* _Information_

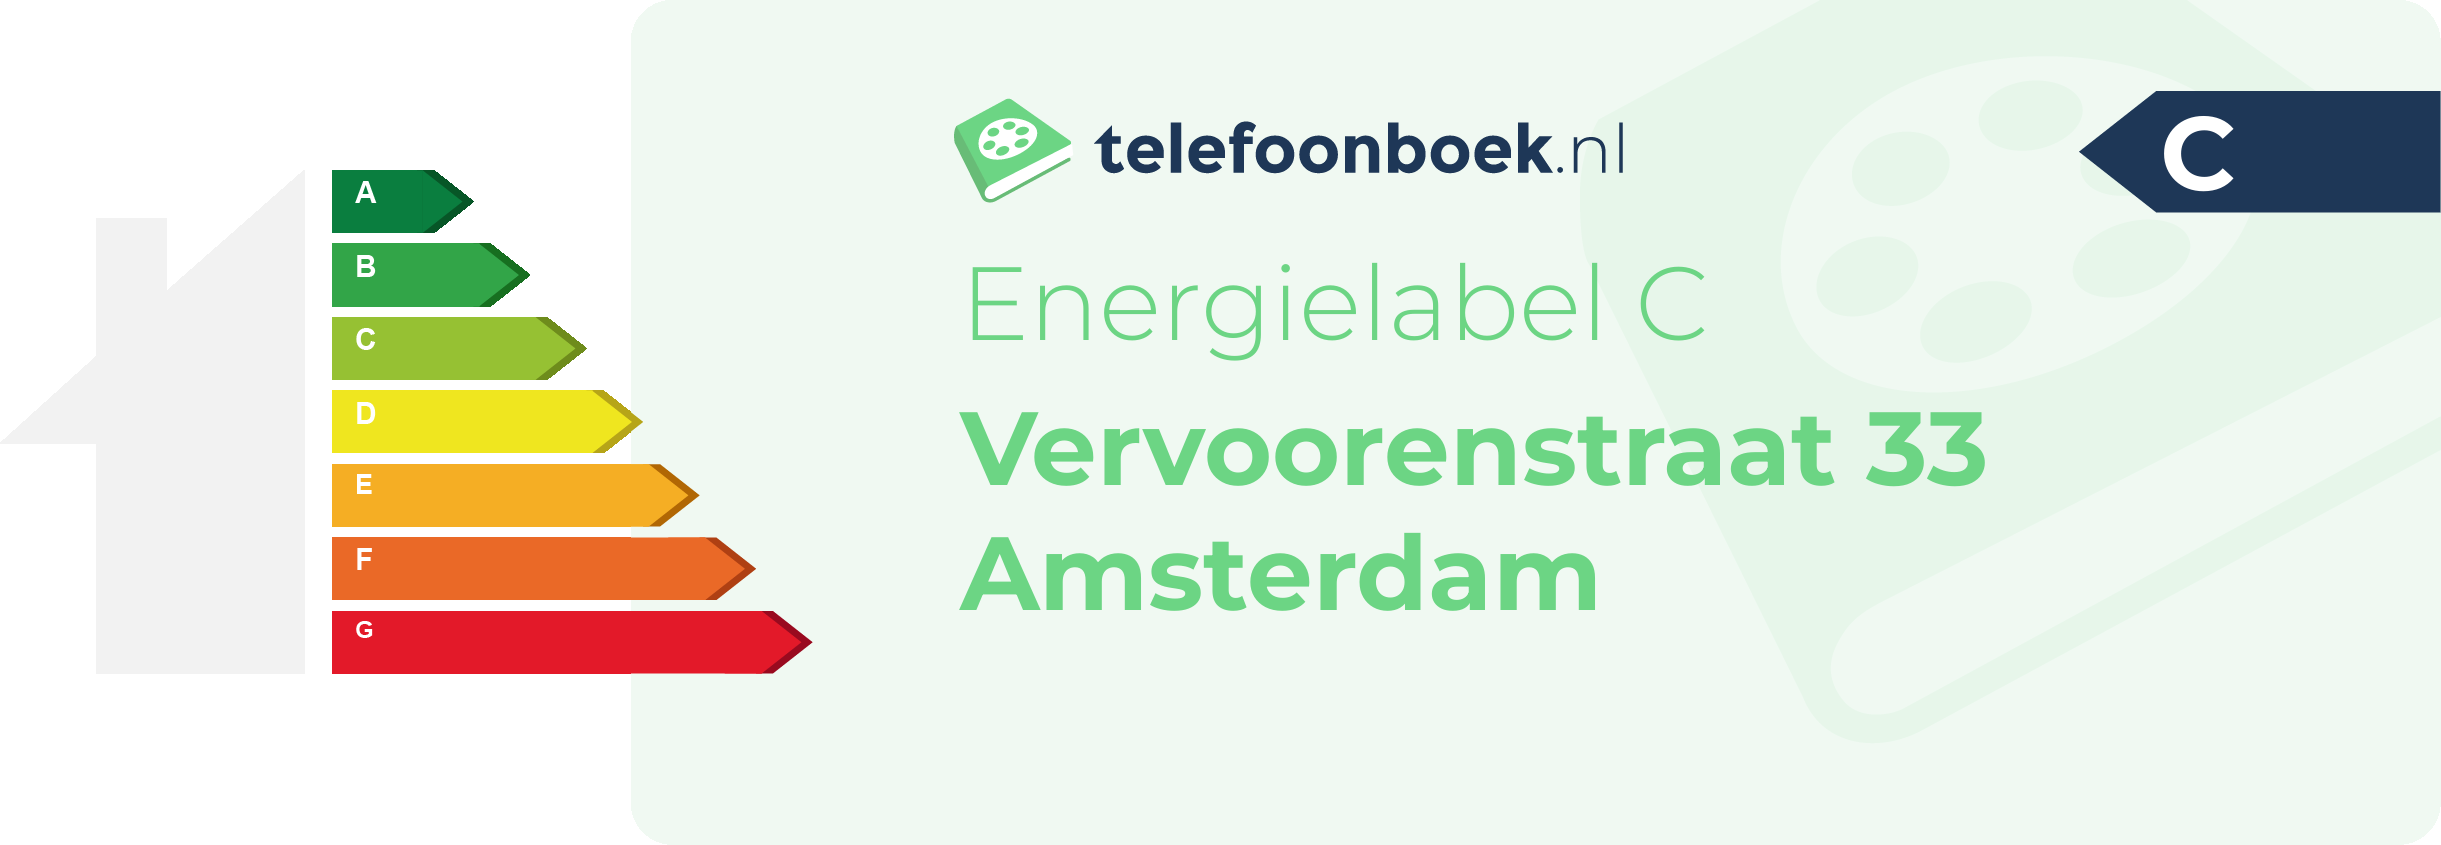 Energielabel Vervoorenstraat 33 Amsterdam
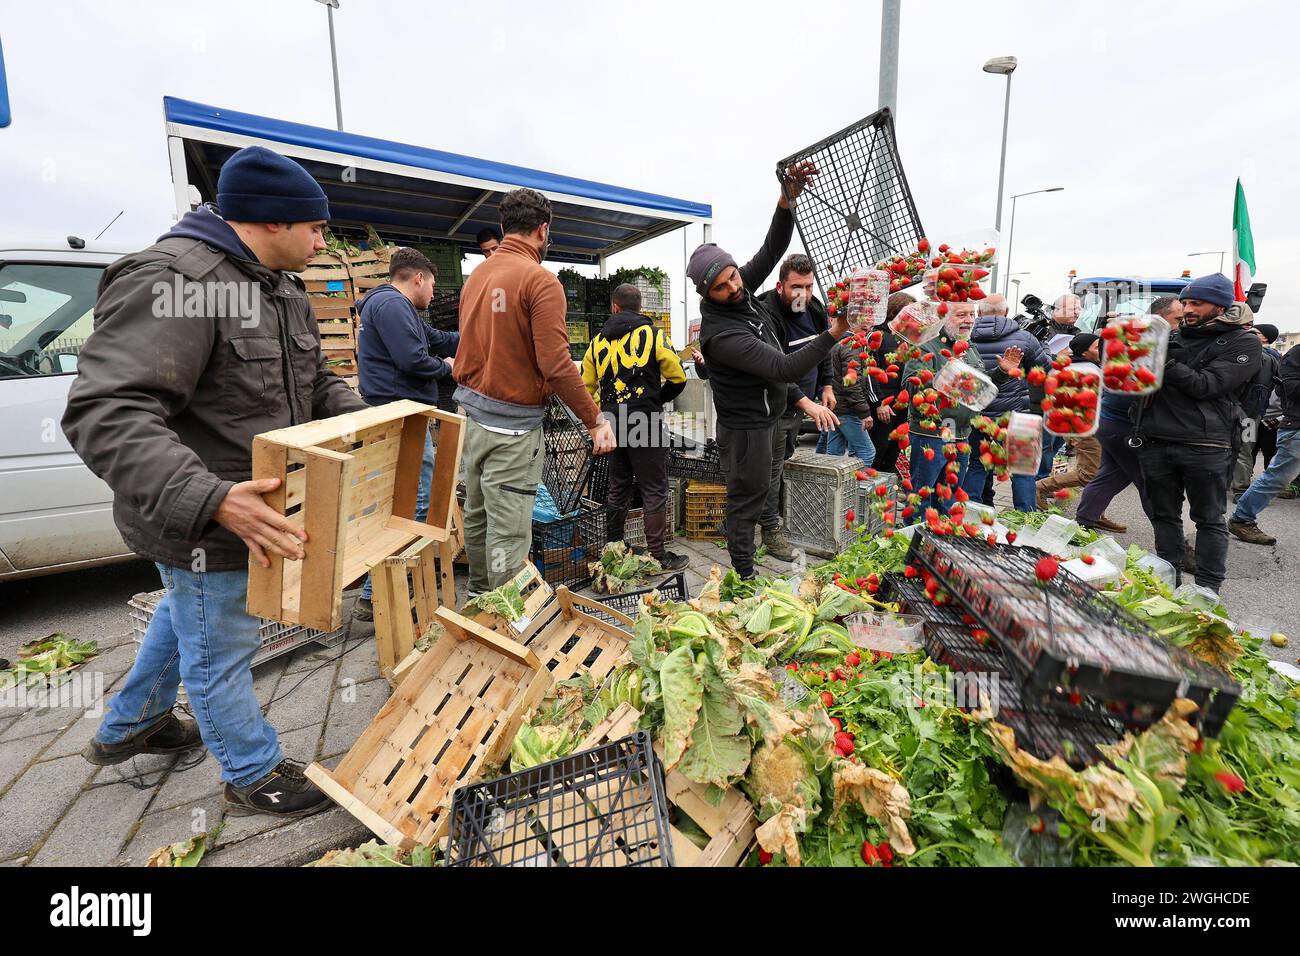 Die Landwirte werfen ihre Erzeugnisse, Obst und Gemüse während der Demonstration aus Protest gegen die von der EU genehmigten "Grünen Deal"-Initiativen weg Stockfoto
---
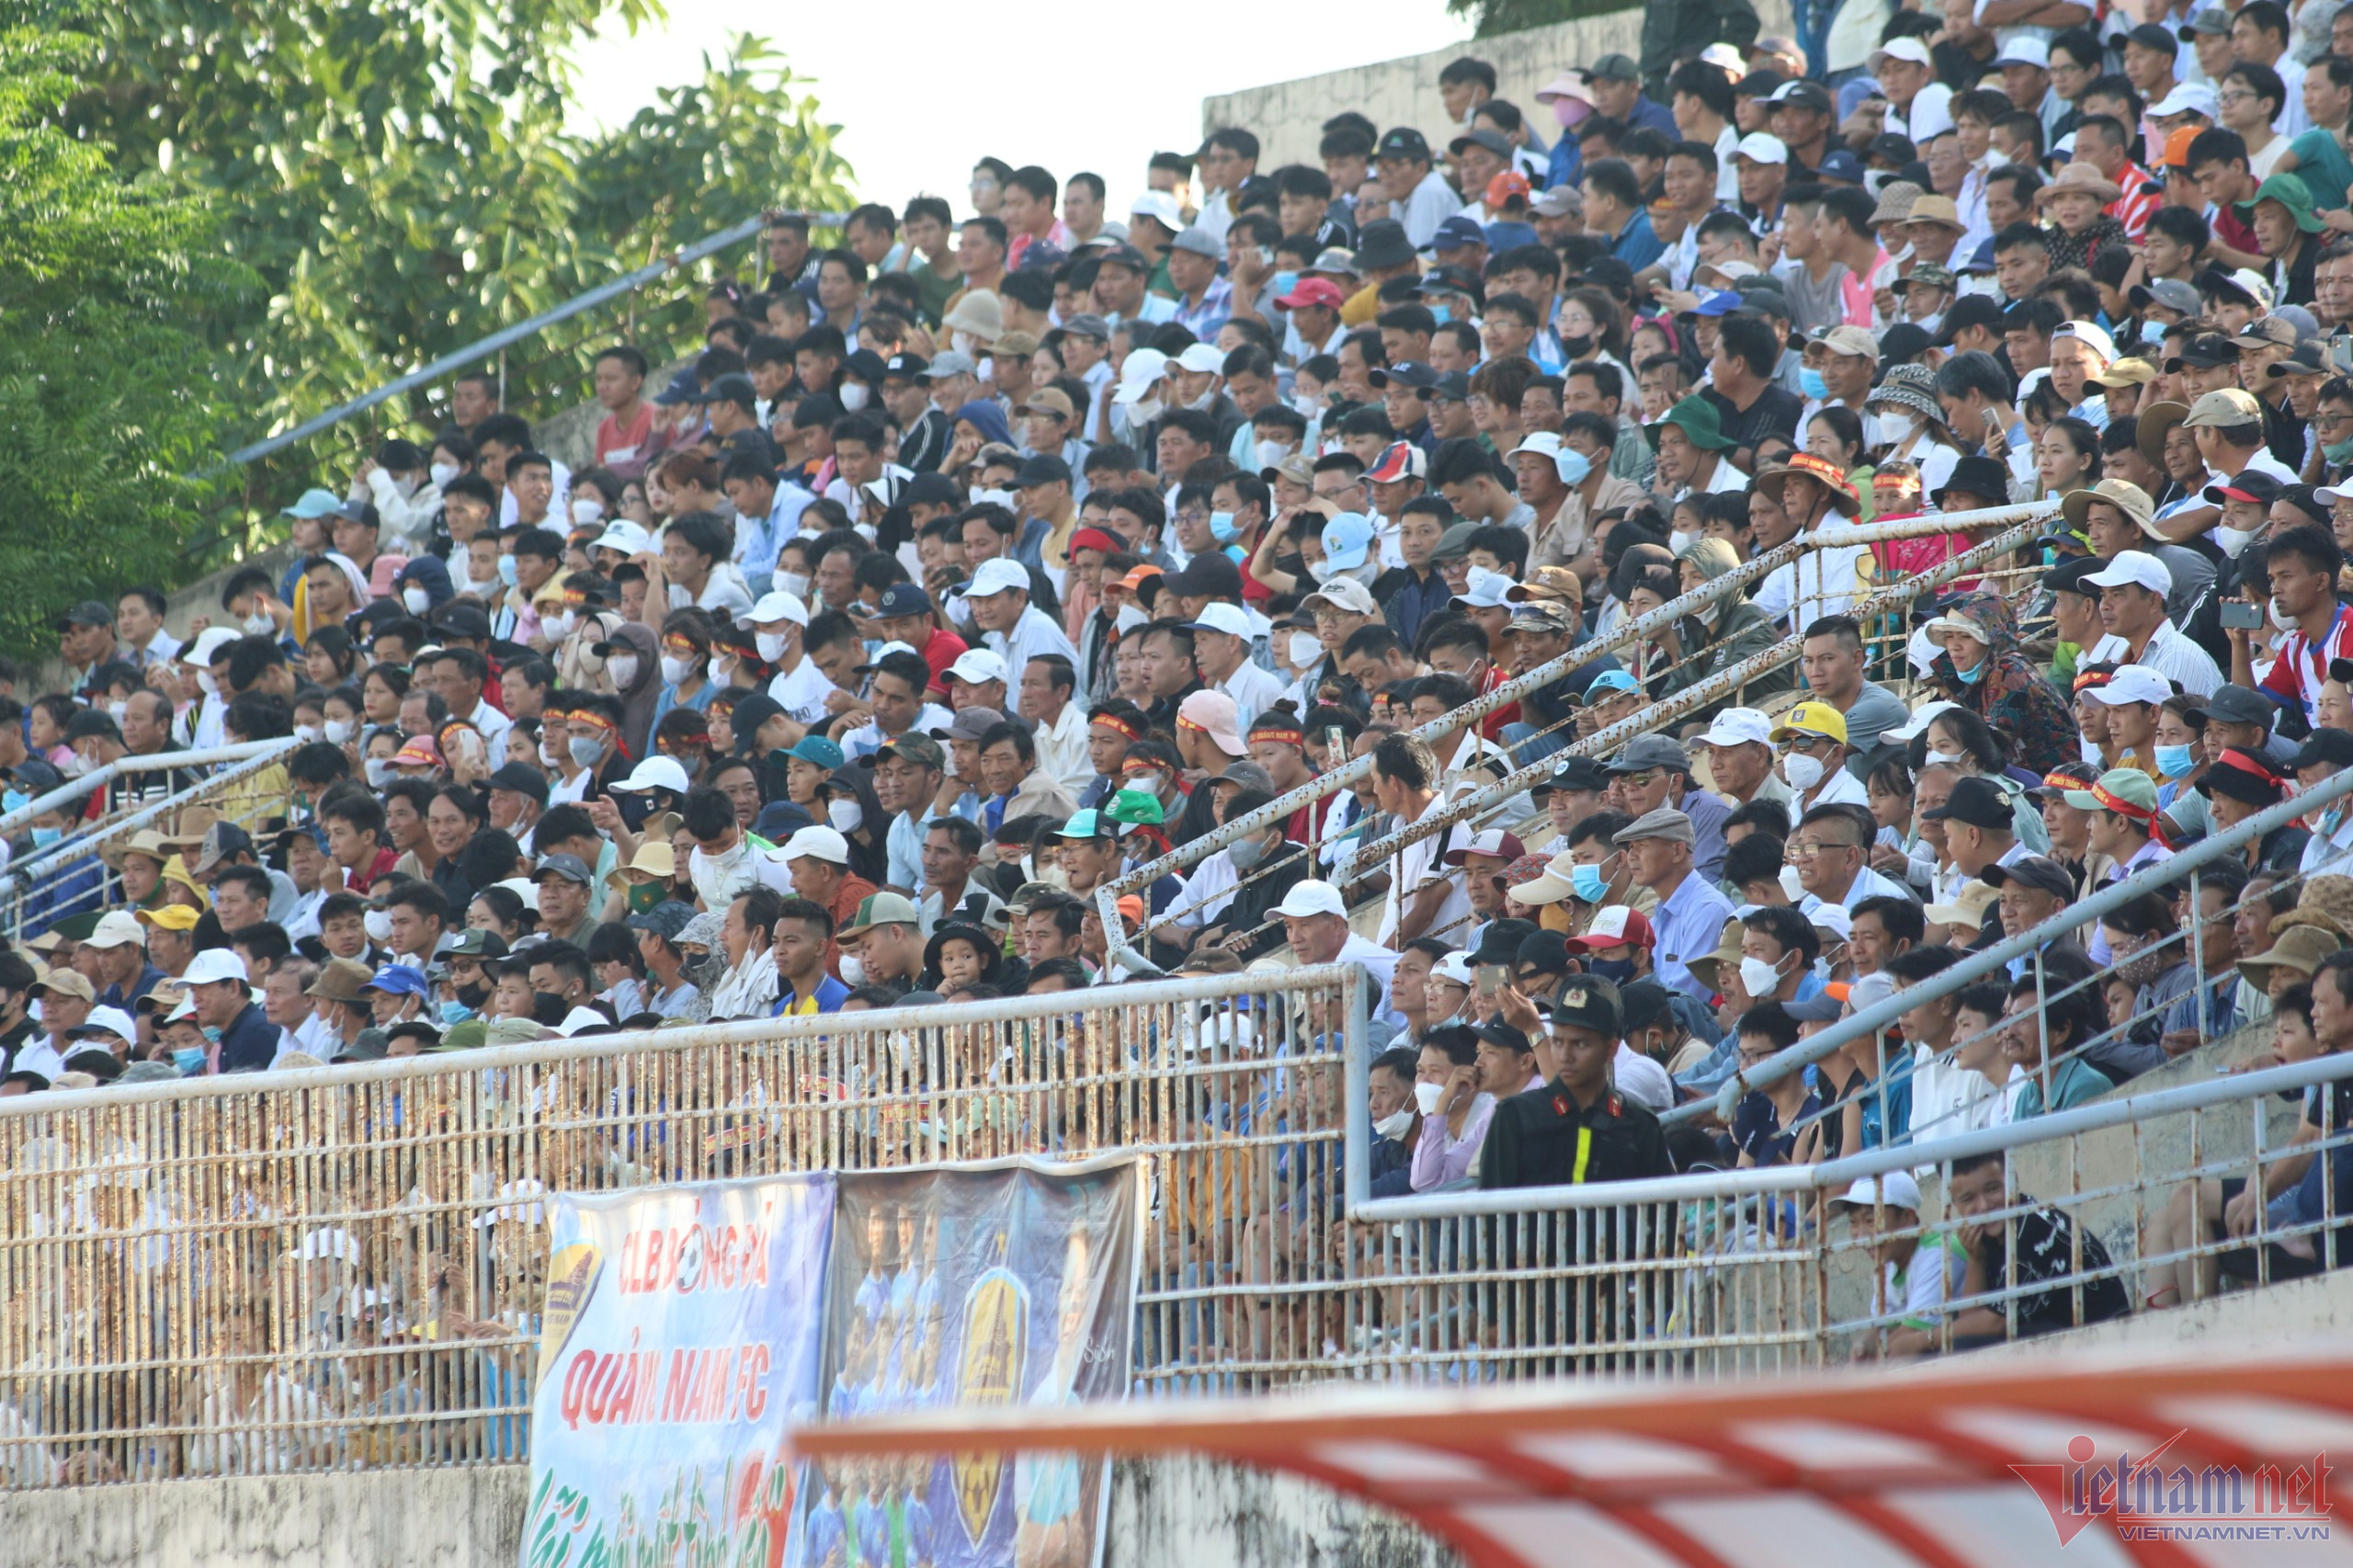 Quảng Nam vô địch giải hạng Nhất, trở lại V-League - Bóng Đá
* * *
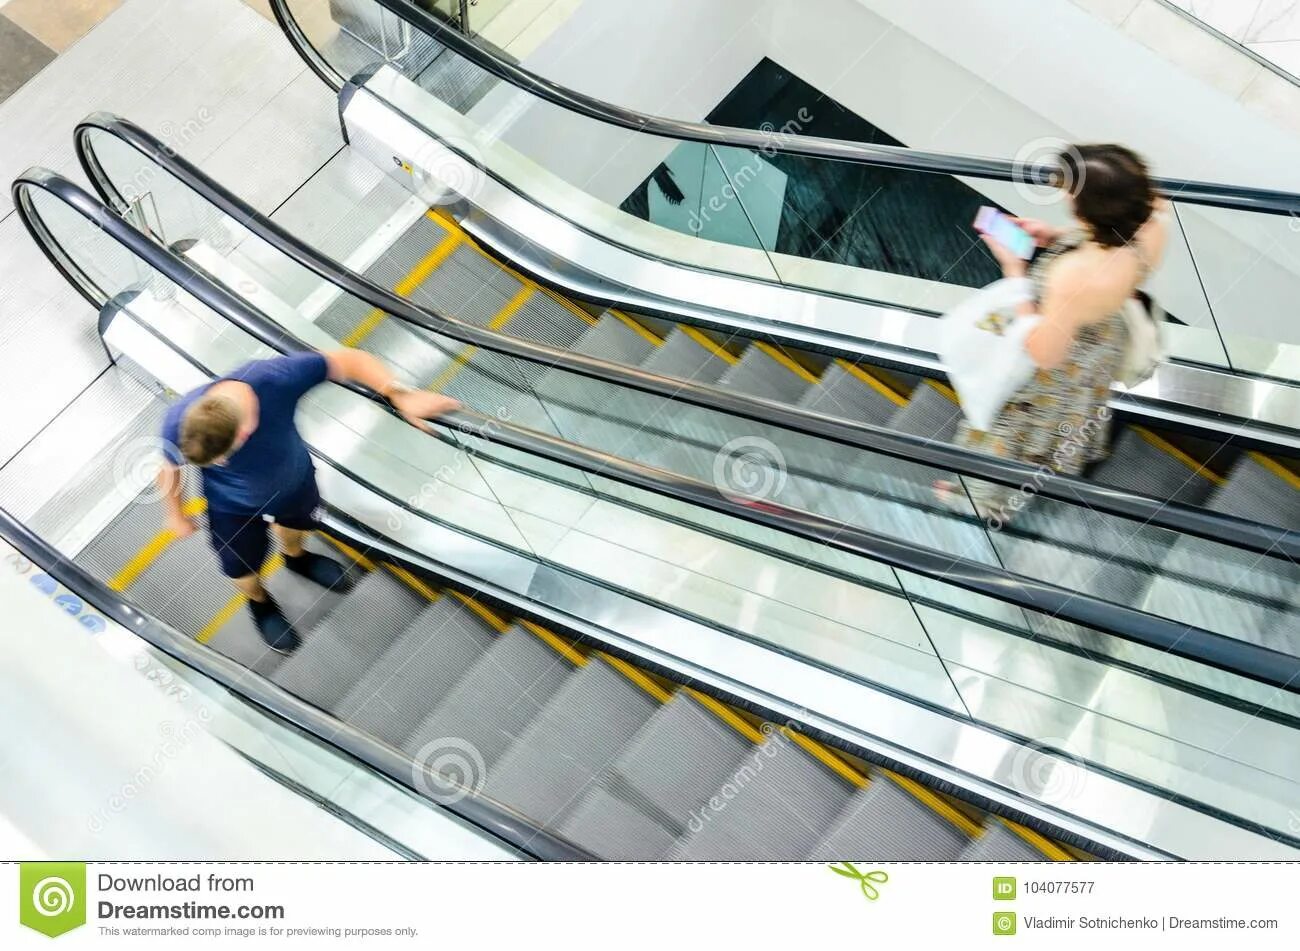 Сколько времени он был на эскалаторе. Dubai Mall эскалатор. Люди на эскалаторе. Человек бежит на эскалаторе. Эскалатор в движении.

* _What needs to be done_
The lines above from the line with "Energielabel Vervoorenstraat 33 Amsterdam" through the line with "Die Landwirte werfen" are to be given again word for word, with no pictures among them.

* _Response_
 Energielabel Vervoorenstraat 33 Amsterdam
 Die Landwirte werfen ihre Erzeugnisse, Obst und Gemüse während der Demonstration aus Protest gegen die von der EU genehmigten "Grünen Deal"-Initiativen weg Stockfoto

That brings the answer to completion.